Still, this could all be a storm in a teacup, and I am just spouting rubbish. We might actually find that some new shooters come to the fold and take up film. I certainly hope so. I am keeping an open mind (as far as I can at least).
There has also been mention of Lomo and Kodak teaming up to develop some new (or perhaps revive some old) products. I really, really hope this happens. As long as Lomo don’t try and charge Lomo Purple prices again. Film photography is not a boutique hobby for the hipsters and trust fund kids, it is passion for a diverse range of people and the prices need to be made attractive enough to get everyone involved. Let’s hope that this turns out to be a fruitful and productive relationship. I wish them all the best.

Fuji Film and their continuing cutting of film


Well, Fuji strikes again. Now they are cutting FP-3000B pack film. And again, this come as very little surprise to me. Fujifilm has not even tried to hide the idea that they want out of the film game completely. I have been saying it for a few years now, and people used to think I was mad, but with this and the cutting of Neopan 400 and Pro 400X now people are starting to notice. Fujifilm are only making film now because they have to. They are still making film cameras, so they have to make film. But they been pretty open about wanting to expand on the X-series cameras, which would mean no more film. There is a petition to stop the discontinuation, which might help, although I feel it would fall on deaf ears. Doesn’t hurt to try though.

Well, here is a little tip, there is nothing you can do or say about this, they are going to cut it no matter what the people say. The only thing that could help would be for us to vote with our wallets, but they have put up the prices so much that it makes it very hard for us to do so. This is a deliberate and vicious cycle. The higher the price gets, the less people buy it, and then they have to raise the price again. Well done Fuji, very clever.

I have already made sure that I have a large stock of Neopan 400. As I have been told by the stores in Tokyo that they will not have any after December.

Other companies

Yes, there are some other companies making film and they are happily ticking away. But we are about to see a large re-shuffle on the scene. There are going to be some new players in town and some new products on the market soon. We are going to see a bit of a revival going on. I cannot really say much more than this, but there are some very exciting developments ahead.

Ferrania are going places, I am looking forward to updates in the new year. And cinestill have had a lot of success. So there are really positive notes out there.
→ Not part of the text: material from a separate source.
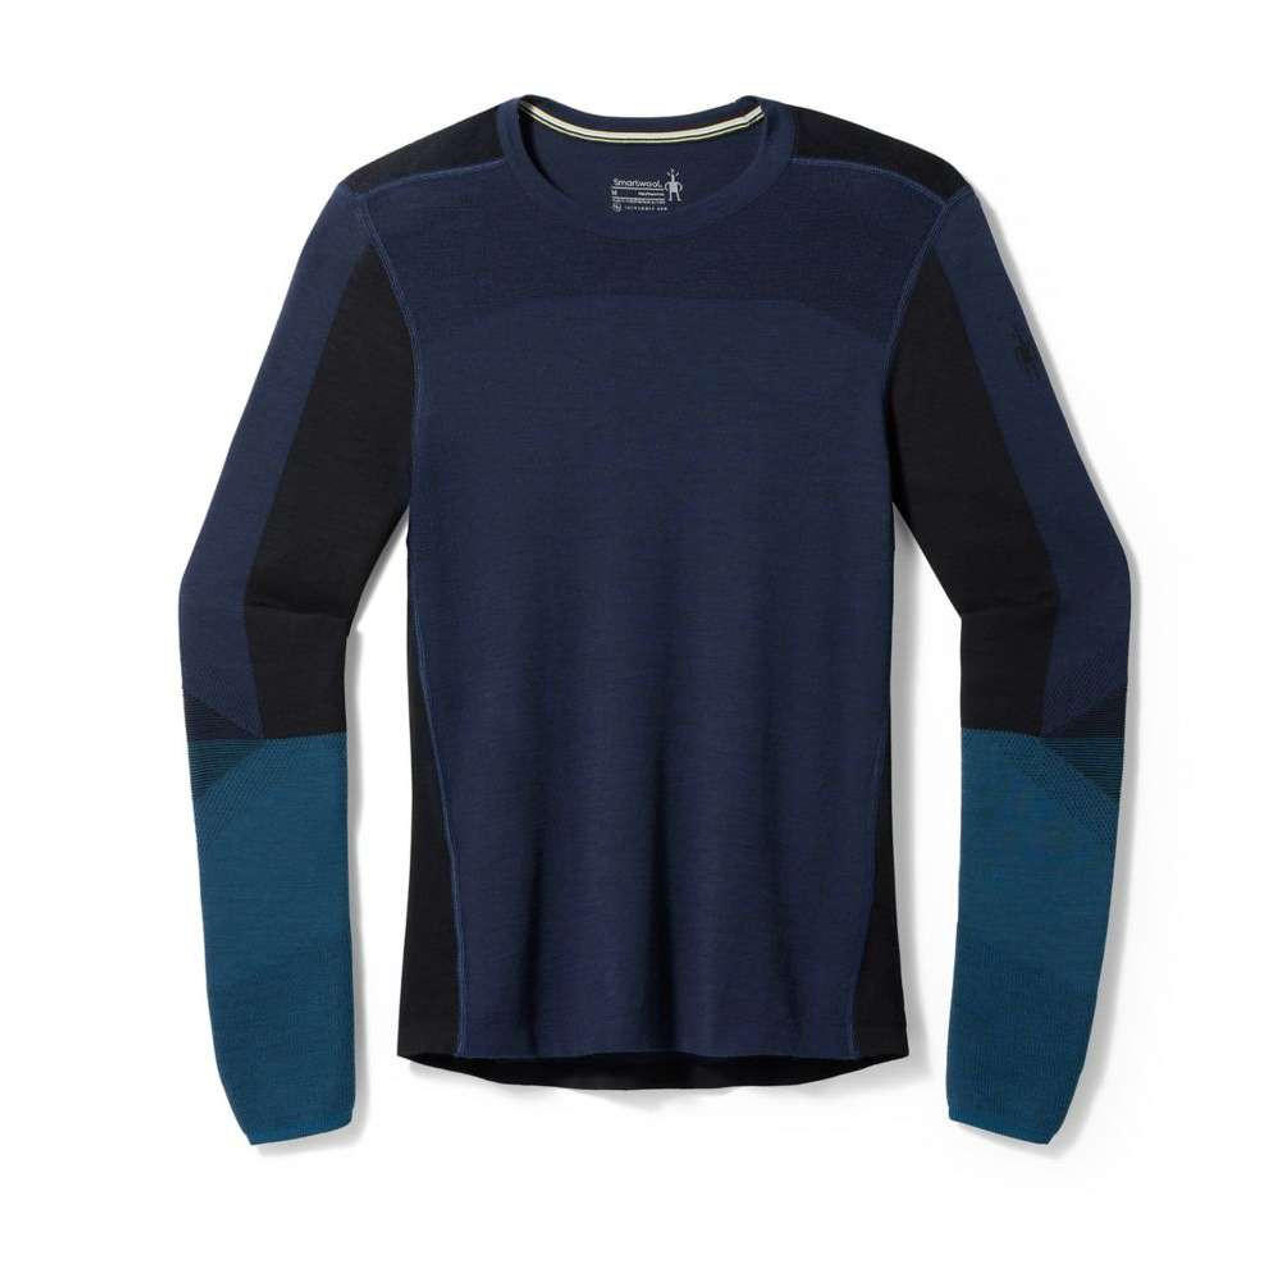 https://cdn11.bigcommerce.com/s-186hk/images/stencil/1280x1280/products/94788/159178/smartwool-2024-smartwool-intraknit-thermal-merino-base-layer-colorblock-crew__27769.1698350727.jpg?c=2?imbypass=on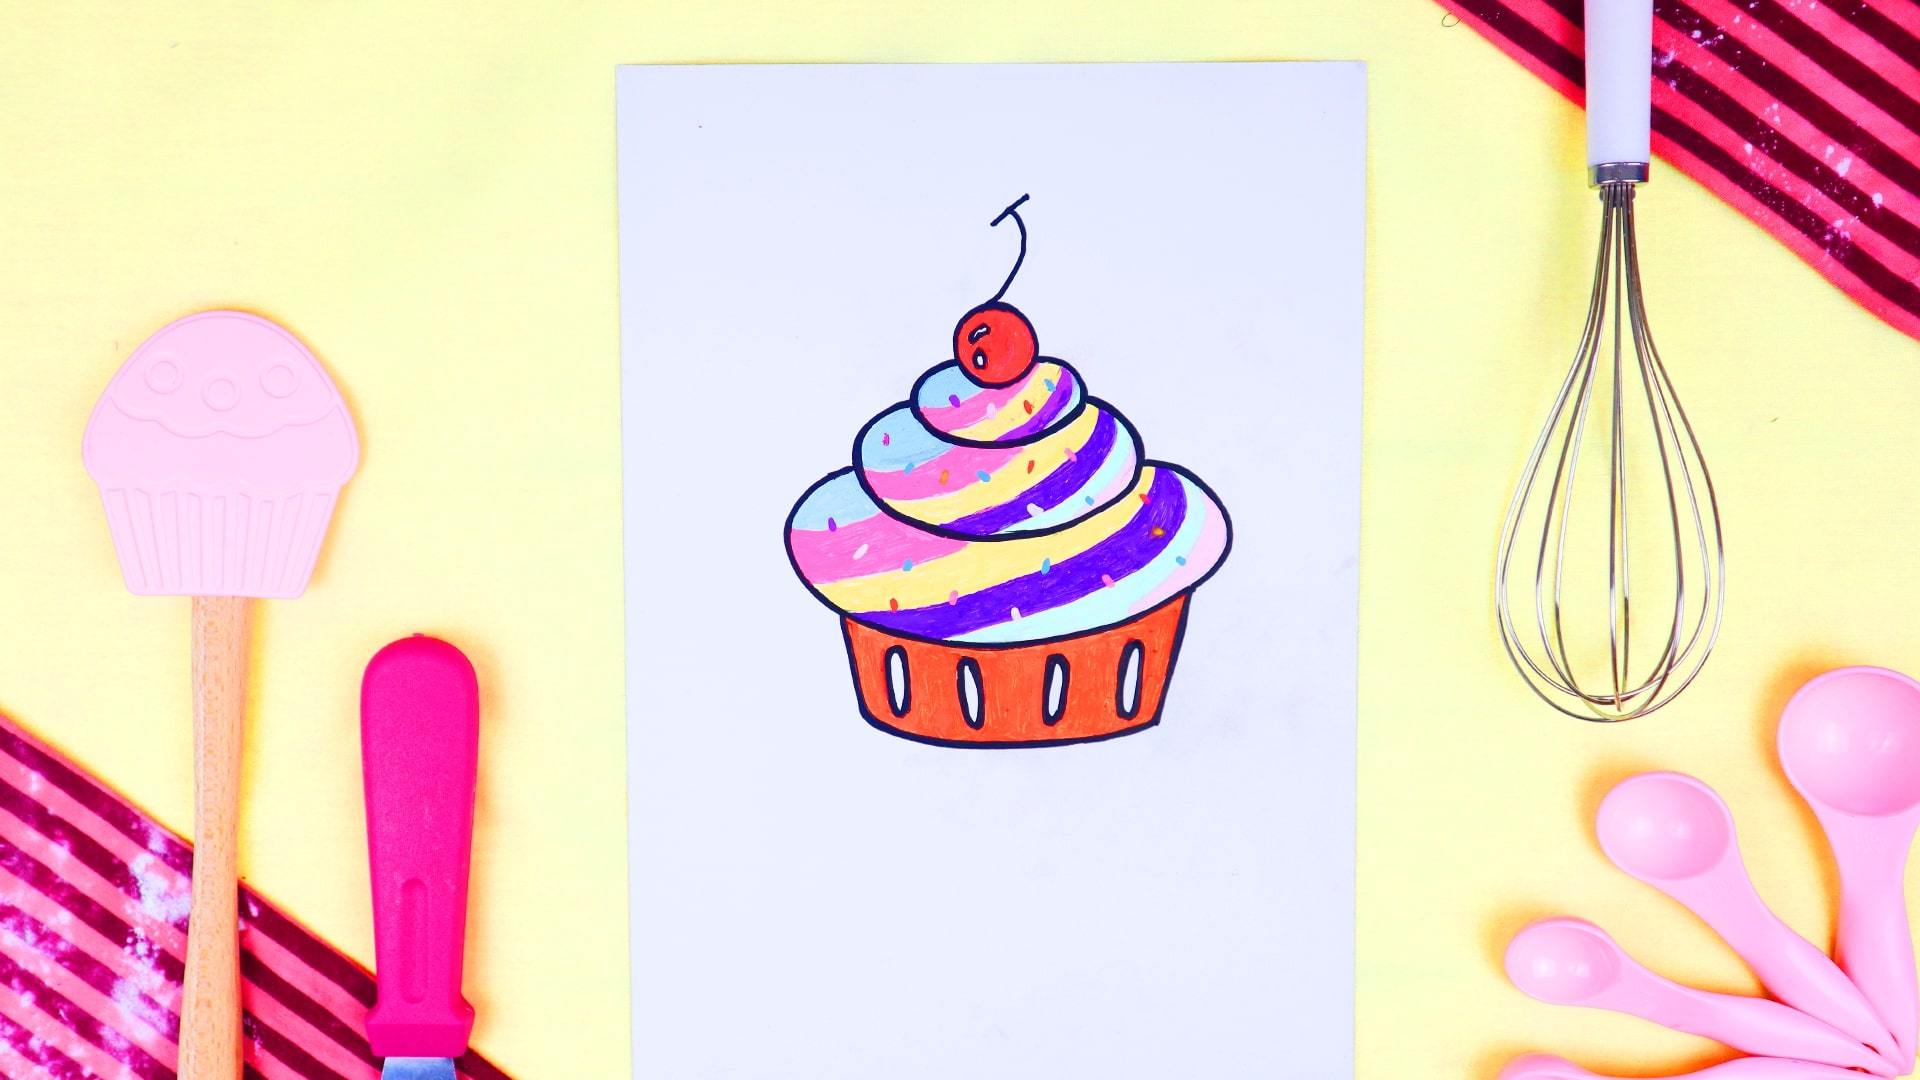 HOW TO: Draw a Cupcake (for Beginners)

So go out, shoot and make sure you do your part to keep film going strong. We don’t need to keep it alive, it is not even close to dead.
As always, I would love to hear your thoughts on this, so please come and comment.


16 comments on “Film news: Kodak Lomo and Fujifilm”

    Larry Kleinke November 16, 2013 at 4:50 pm / Reply

    I would might upset if Lomo ups the price of Kodak film. Portra 160 isn’t expensive, but it isn’t cheap either. If i gets any more than $8/roll, might as well go with Cinestill film at that point. Or stick with XP2.

    Sascha Rheker November 16, 2013 at 5:25 pm / Reply

    You are absolutely right!

    Film should not be a luxury product.

    In Europe even today some Kodak BW Films have a recommended sales price of 8 to 10,- € per 135 Roll andFuji Velvia 135 has a RSP over 20,- €.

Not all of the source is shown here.